-------- DATA RECORDS --------

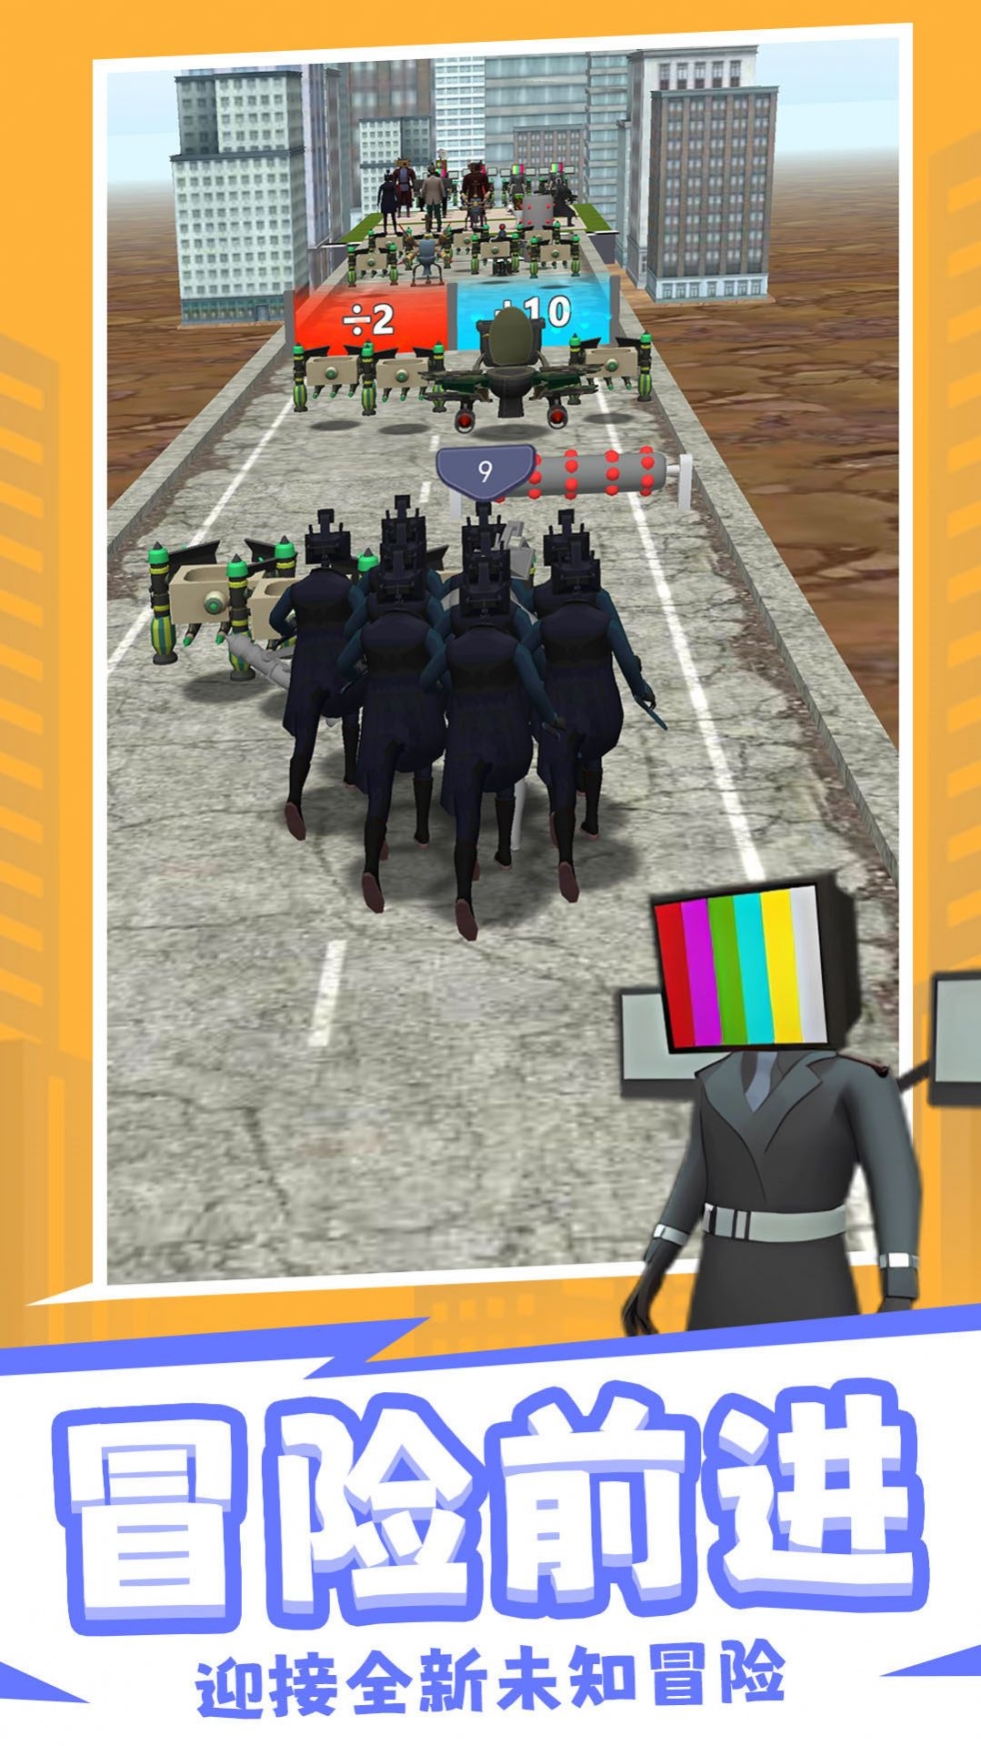 马桶人对战3D英雄游戏安卓版下载 v1.0.0截图1
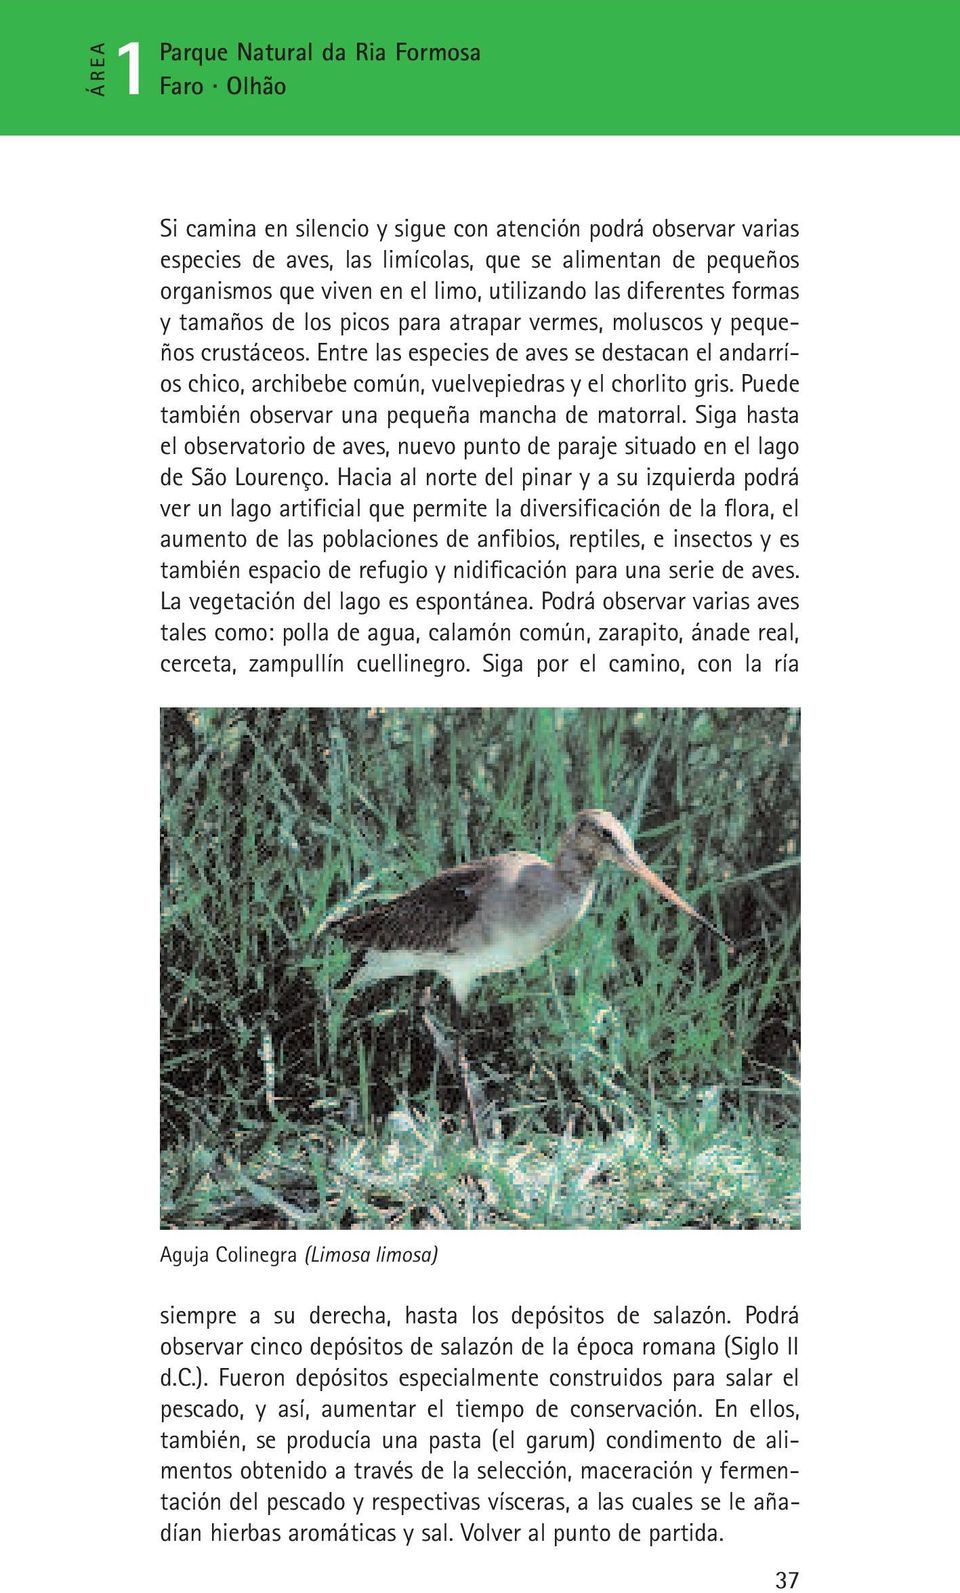 Puede también observar una pequeña mancha de matorral. Siga hasta el observatorio de aves, nuevo punto de paraje situado en el lago de São Lourenço.
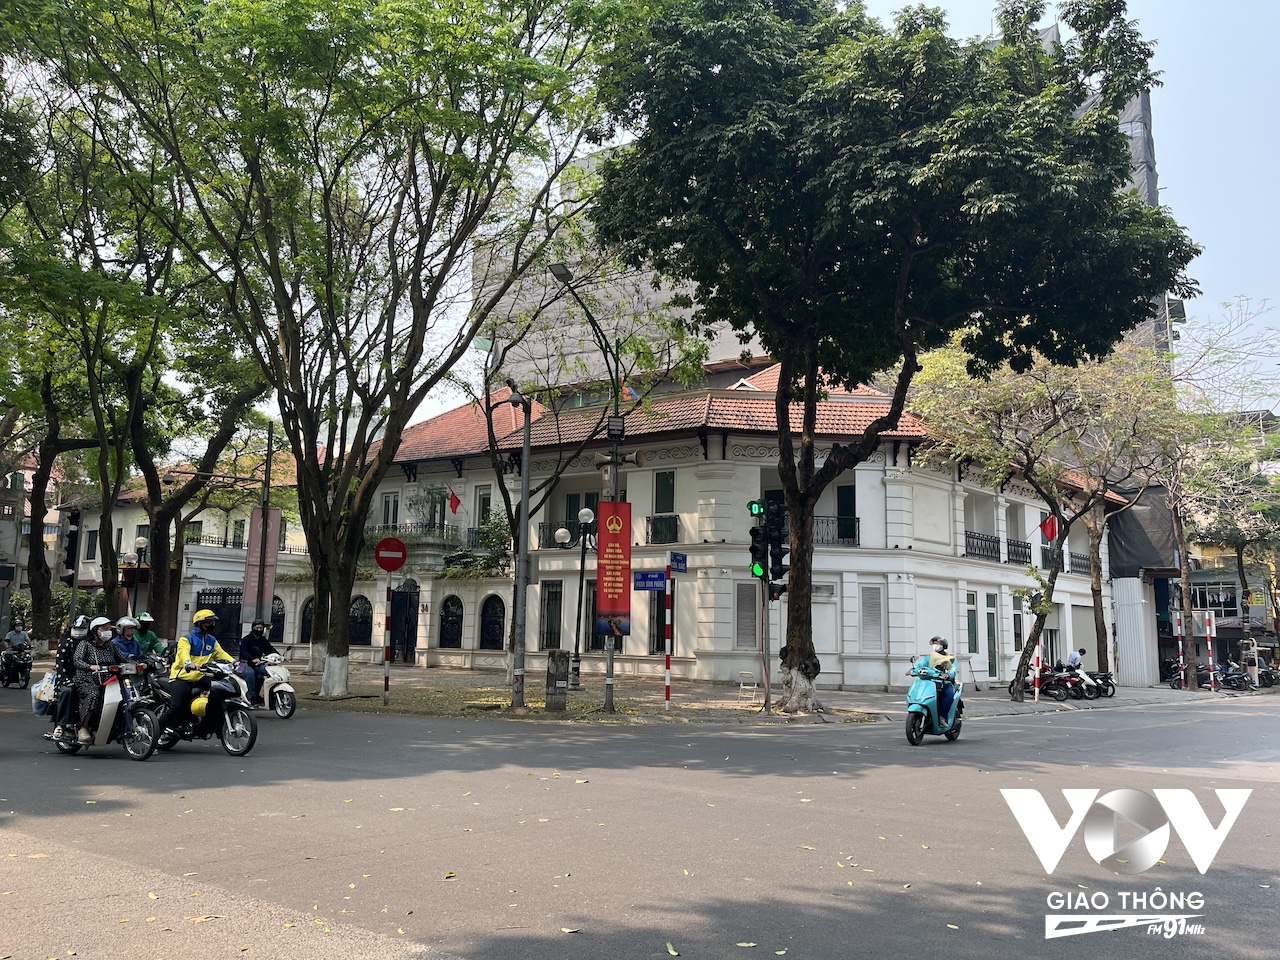 Phố Phan Đình Phùng, một trong những tuyến phố đẹp nhất thủ đô, không chỉ bởi luôn rợp bóng mát cây xanh mà con phố này còn 'sở hữu' rất nhiều biệt thự cổ còn khá nguyên vẹn. Những ngôi biệt thự được trùng tu lại cũng đều giữ được gần như nguyên gốc, tạo cho con phố này sức hút rất lớn với du khách
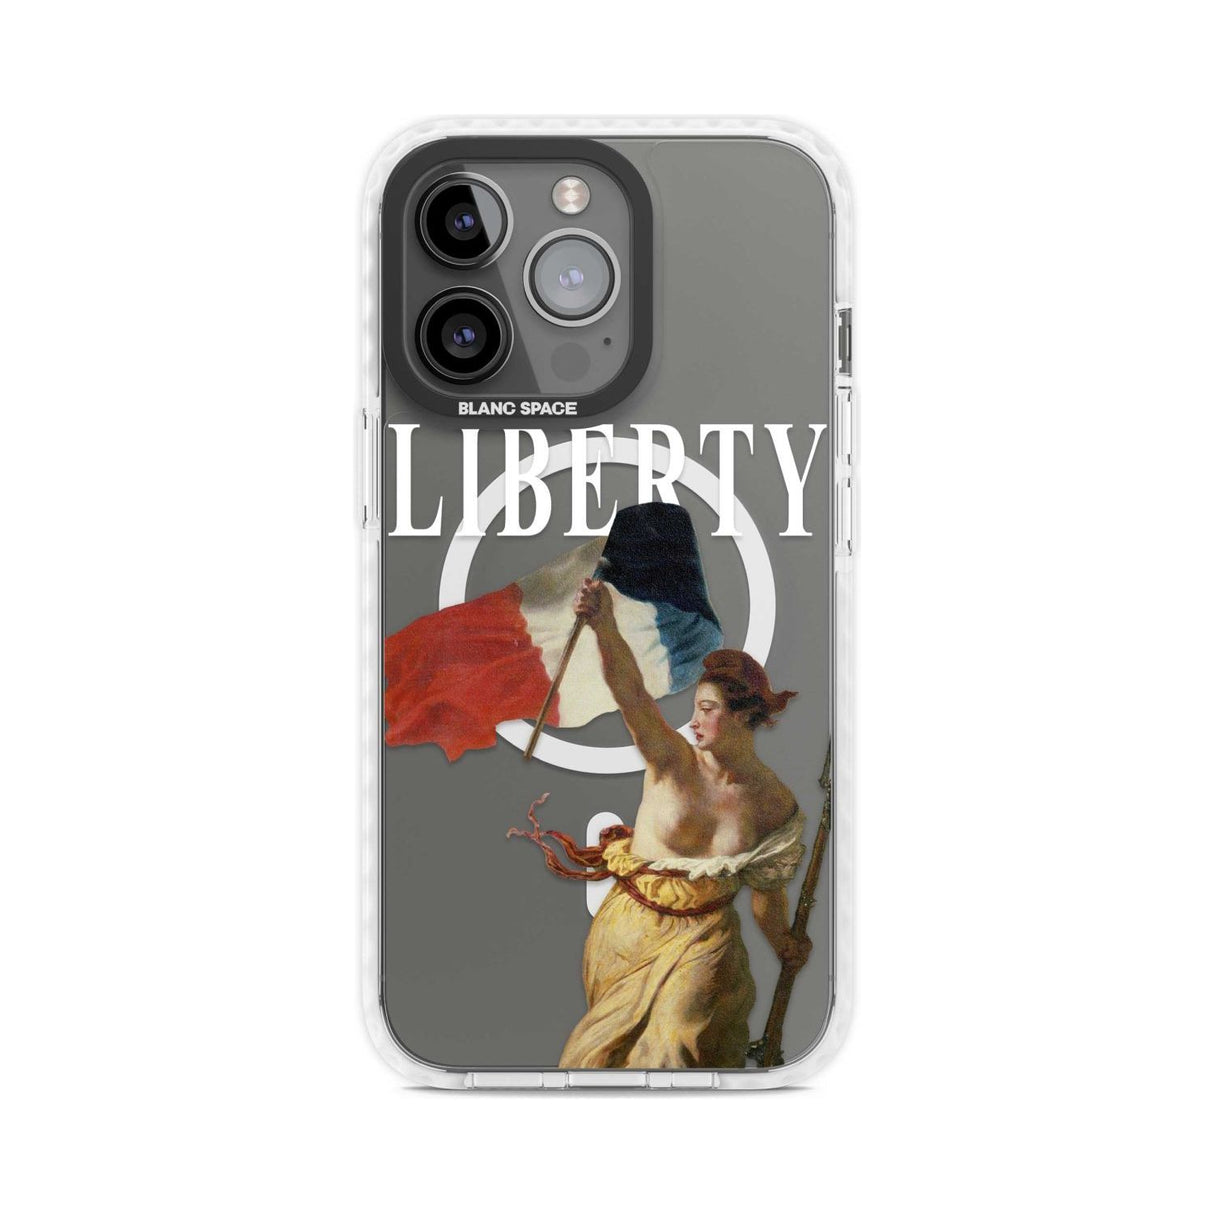 Liberty Phone Case iPhone 15 Pro Max / Magsafe Impact Case,iPhone 15 Pro / Magsafe Impact Case Blanc Space
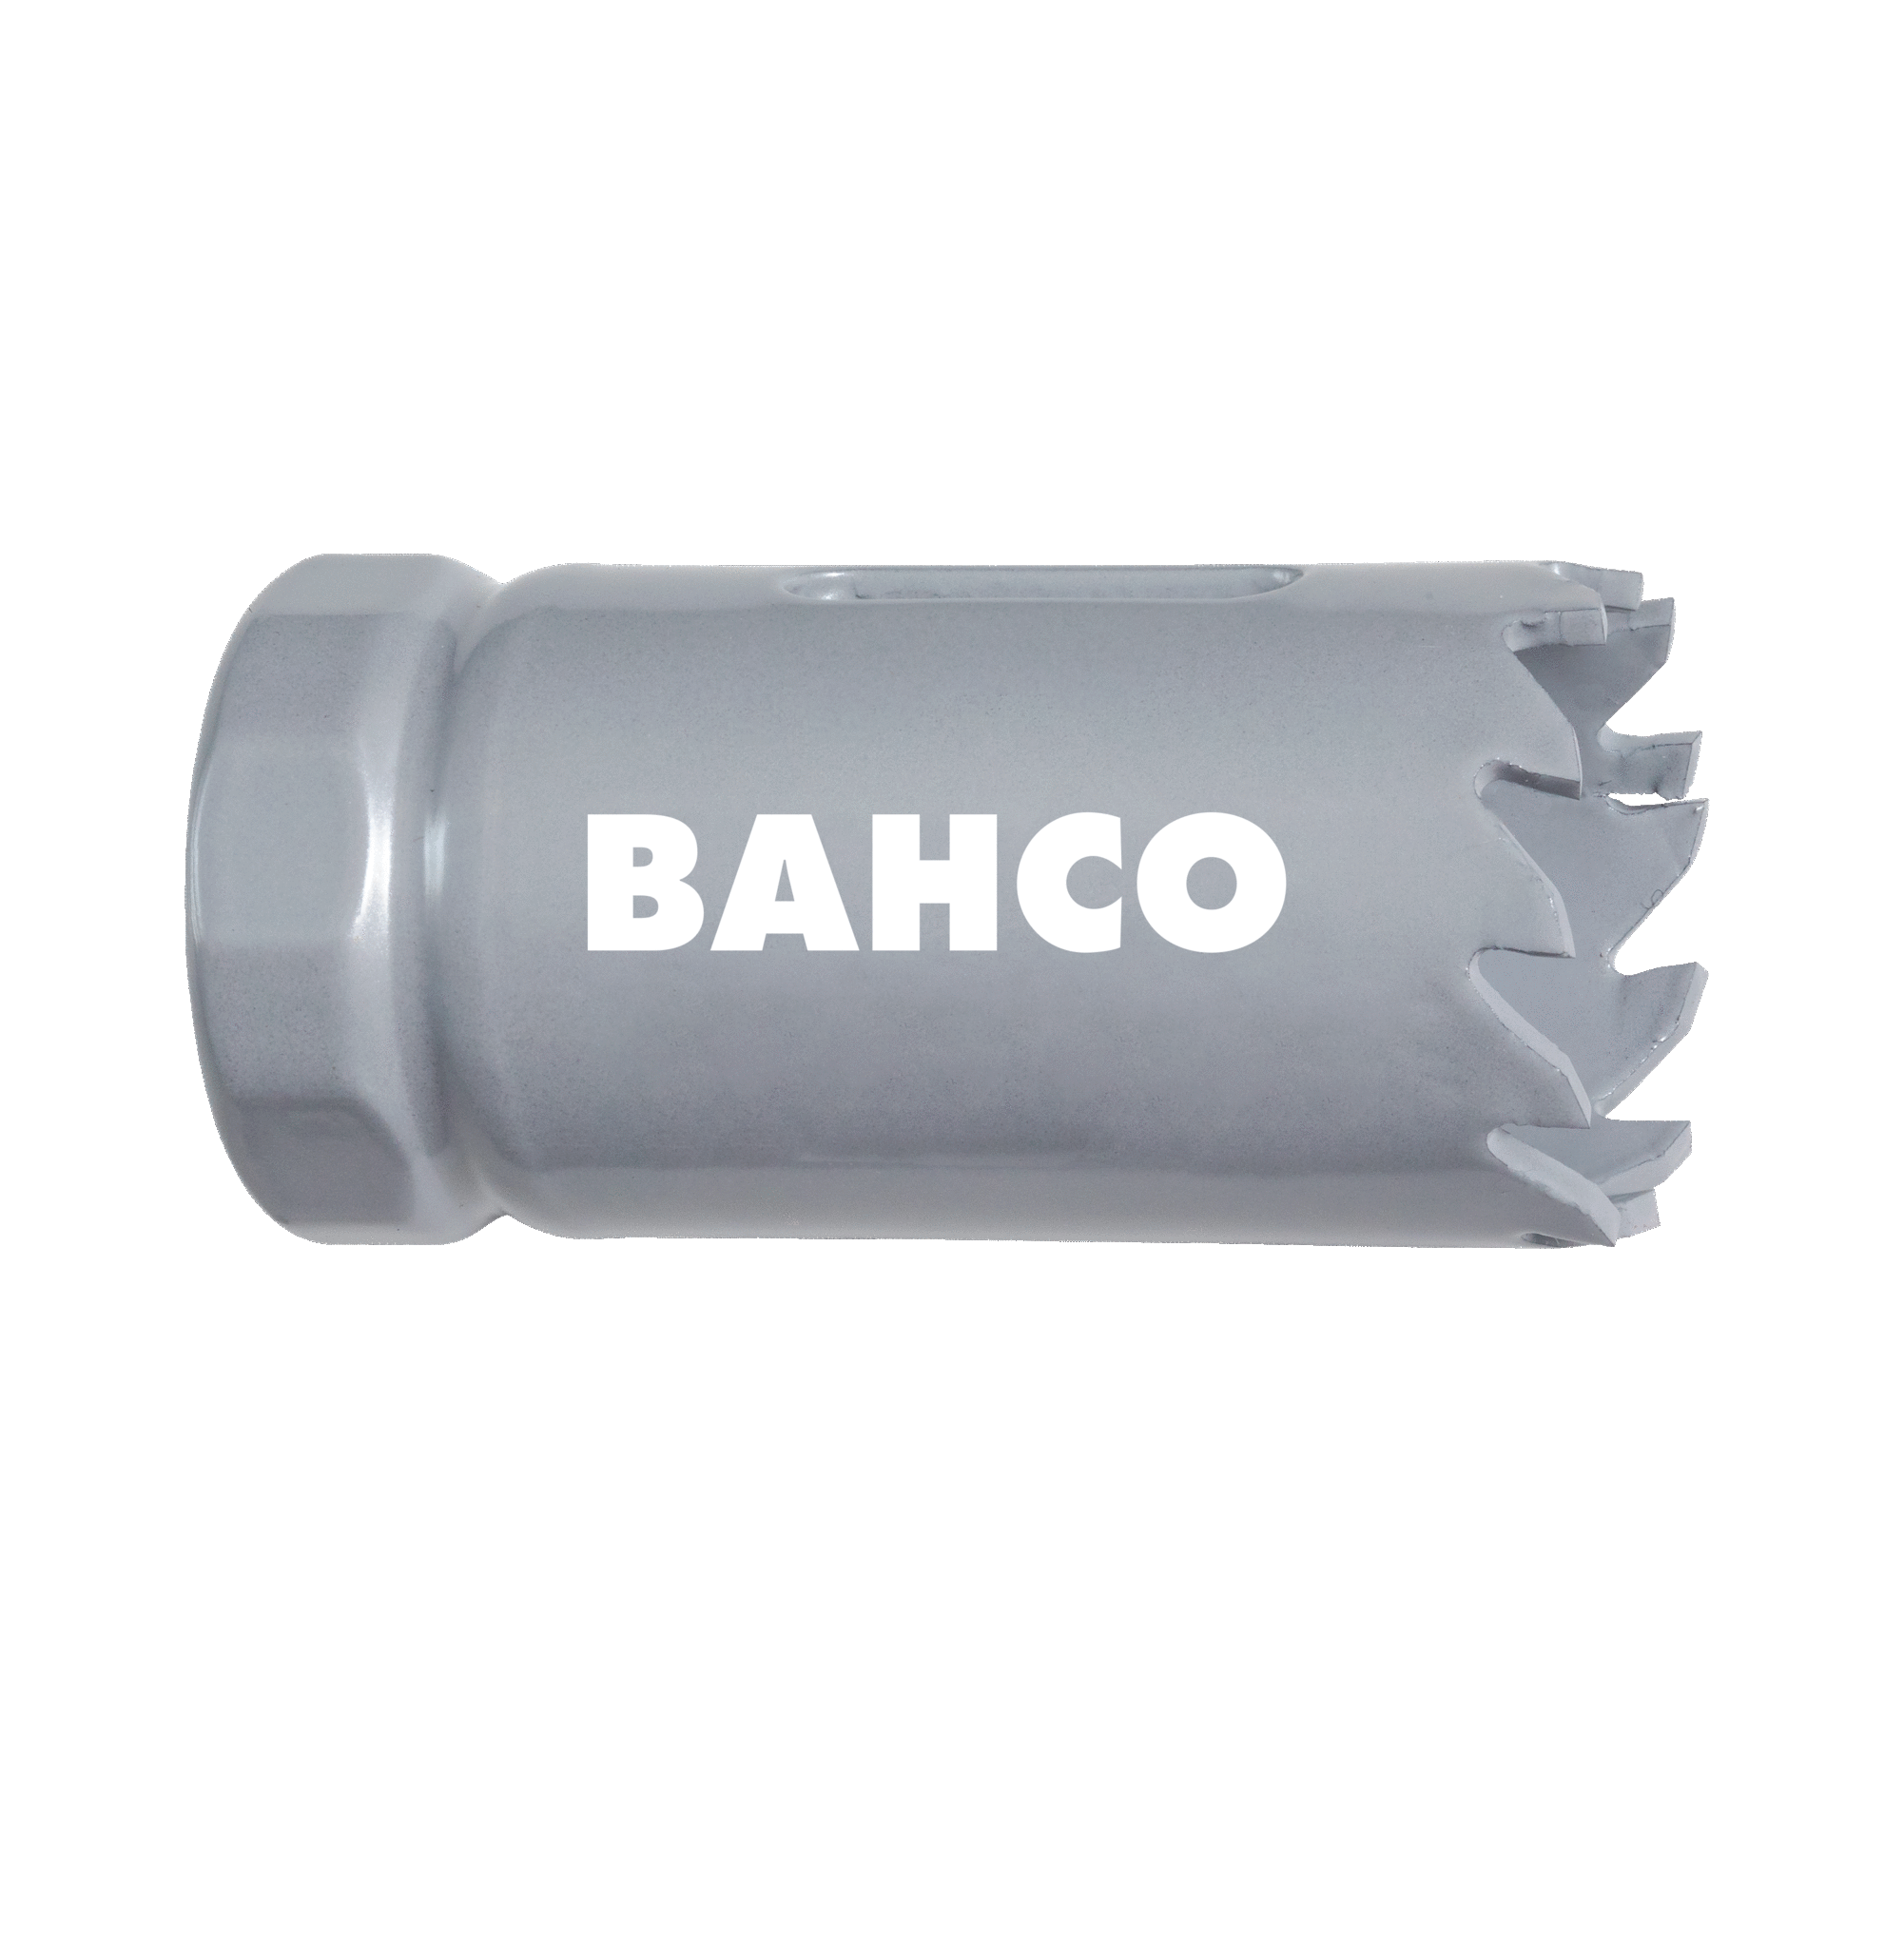 Кольцевые пилы с твердосплавными напайками BAHCO 3832-127

--------

The lines to be quoted run from the line containing "Phố Phan Đình" through the end of the entries above, both included; quote them exactly and leave out any pictures.

_ANSWER SPACE_
 Phố Phan Đình Phùng, một trong những tuyến phố đẹp nhất thủ đô, không chỉ bởi luôn rợp bóng mát cây xanh mà con phố này còn 'sở hữu' rất nhiều biệt thự cổ còn khá nguyên vẹn. Những ngôi biệt thự được trùng tu lại cũng đều giữ được gần như nguyên gốc, tạo cho con phố này sức hút rất lớn với du khách
 Liberty Phone Case iPhone 15 Pro Max / Magsafe Impact Case,iPhone 15 Pro / Magsafe Impact Case Blanc Space
 Кольцевые пилы с твердосплавными напайками BAHCO 3832-127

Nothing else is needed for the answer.